Lesson Video: Pearson’s Correlation Coefficient Mathematics

Start Practising

In this video, we will learn how to calculate and use Pearson’s correlation coefficient, r, to describe the strength and direction of a linear relationship.

19:32

Video Transcript

In this video, we’ll learn how to calculate and use Pearson’s correlation coefficient 𝑟 to describe the strength and direction of a linear relationship. We’ll begin by reminding ourselves some of the terms and ideas related to correlation, which we’ll explore with some examples. And then, we’ll calculate Pearson’s product-moment correlation coefficient by hand using the formula.

Bivariate data is data where two numerical or quantitative variables are uniquely paired across subjects in an experiment. Suppose, for example, that we have 𝑛 people in a sample and we measure their heights and their weights. For each person or subject, we have a unique pair of measurements. If we call 𝑋 height in meters and 𝑌 weight in kilograms, then the pair of measurements for each subject or person gives us a data point in our bivariate data set. Now, suppose we’d like to know if there’s a relationship or correlation between a person’s height and weight. To give us some idea, we first plot our data on a scatter plot. And if we find that our data follow a linear pattern, then we can say there’s a linear correlation between 𝑋 and 𝑌 or, in this case, height and weight.

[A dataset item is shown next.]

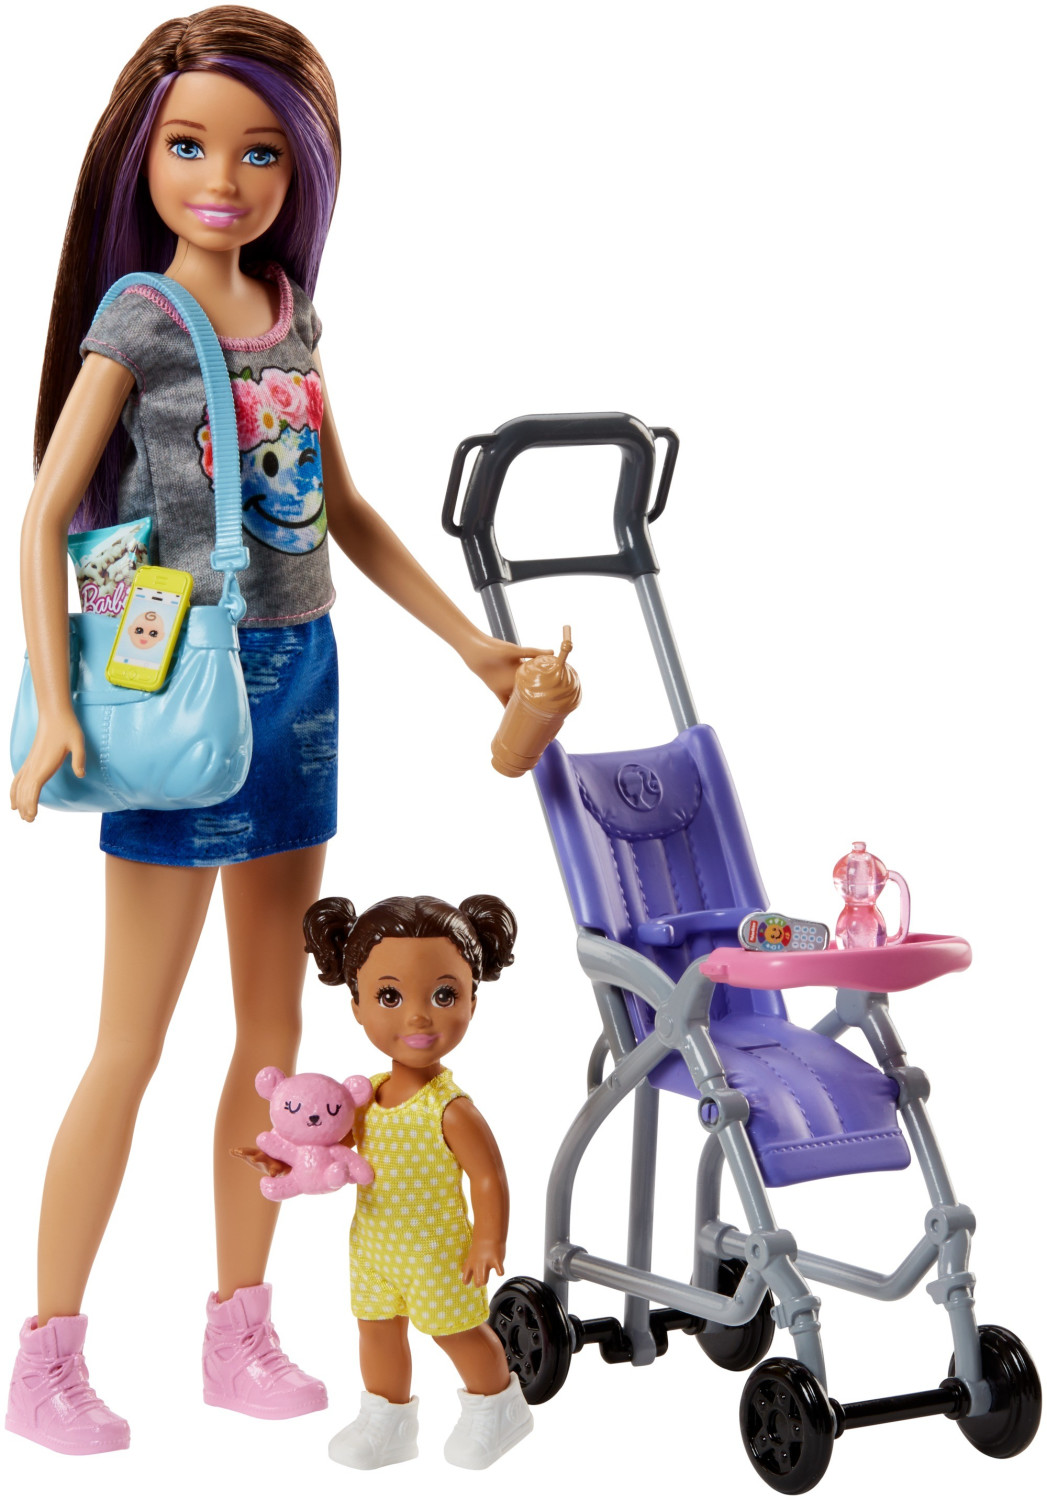 Cadeau entreprise - Barbie Glitz jouet enfant fille pas cher

It’s important to remember though when looking at correlation that we’re not saying that a change in one variable causes a change in another variable. We’re simply describing the relationship between the variables. And a scatter plot can give us some information about our data. We can see from this scatter plot, for example, that someone who is quite tall might be expected to be relatively heavy. If there is correlation between our variables, the scatter plot can tell us the direction of our correlation. If our 𝑋- and 𝑌-values increase together, then we say we have positive or direct correlation. And if as the 𝑋-values increase, the 𝑌-values decrease, then we say we have negative or inverse correlation.

If our scatter plot indicates no pattern at all, then we have no correlation. And if we have a nonlinear relationship between 𝑋 and 𝑌, then of course there’s no linear correlation. We can also to some extent tell from a scatter plot how strong the linear relationship is by how closely the points sit together in the linear pattern. So, for example, in the left-hand diagram, where the points are closely following a linear pattern, we say the correlation between 𝑋 and 𝑌 is very strong, whereas the data on the right-hand diagram is loosely spread in the linear pattern. And we would say that this is weak or moderate direct linear correlation.

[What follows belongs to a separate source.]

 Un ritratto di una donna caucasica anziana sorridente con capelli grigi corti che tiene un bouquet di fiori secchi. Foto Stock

So from our scatter diagrams, we have an idea of the direction and the strength of the correlation. But since we’re mathematicians, we’d like something a little more precise to measure our relationships. And this is where the correlation coefficient comes in. This idea was developed by an English mathematician called Karl Pearson and hence is known as Pearson’s correlation coefficient or Pearson’s product-moment correlation coefficient. It’s denoted by 𝑟 subscript 𝑥𝑦 or simply 𝑟. 𝑟 takes values from negative one to plus one. And the closer it is to either positive or negative one, the stronger the linear relationship or correlation. Let’s look now at our first example where we estimate Pearson’s correlation coefficient from a scatter plot.

What is the most likely value of the product-moment correlation coefficient for the data shown in the diagram? Is it (A) negative 0.58, (B) zero, (C) negative 0.94, (D) 0.78, or (E) 0.37?

When estimating Pearson’s correlation coefficient from a scatter plot, there are two things we look at. The first is the direction of the linear pattern, which in our case is top left to bottom right. The second thing is the spread of the data points around a possible line of best fit. That is, how close our data points are to a potential line of best fit. Let’s consider first the direction of the linear relationship. Generally speaking, we know that if our linear pattern is from bottom left to top right, then we have direct or positive linear correlation. Conversely, if our data follow a linear pattern from top left to bottom right, we say our data is negatively or inversely correlated.

The product-moment correlation coefficient for directly or positively correlated data takes values between zero and one, whereas if our data are negative or inversely correlated, the coefficient is between negative one and zero. With our data, the linear pattern is from top left to bottom right. So our data correspond to the second case, negative or inverse correlation. Our coefficient then must be between negative one and zero. This means we can eliminate option (D) and option (E) since they’re both positive. We’ve established that the direction of our correlation is negative.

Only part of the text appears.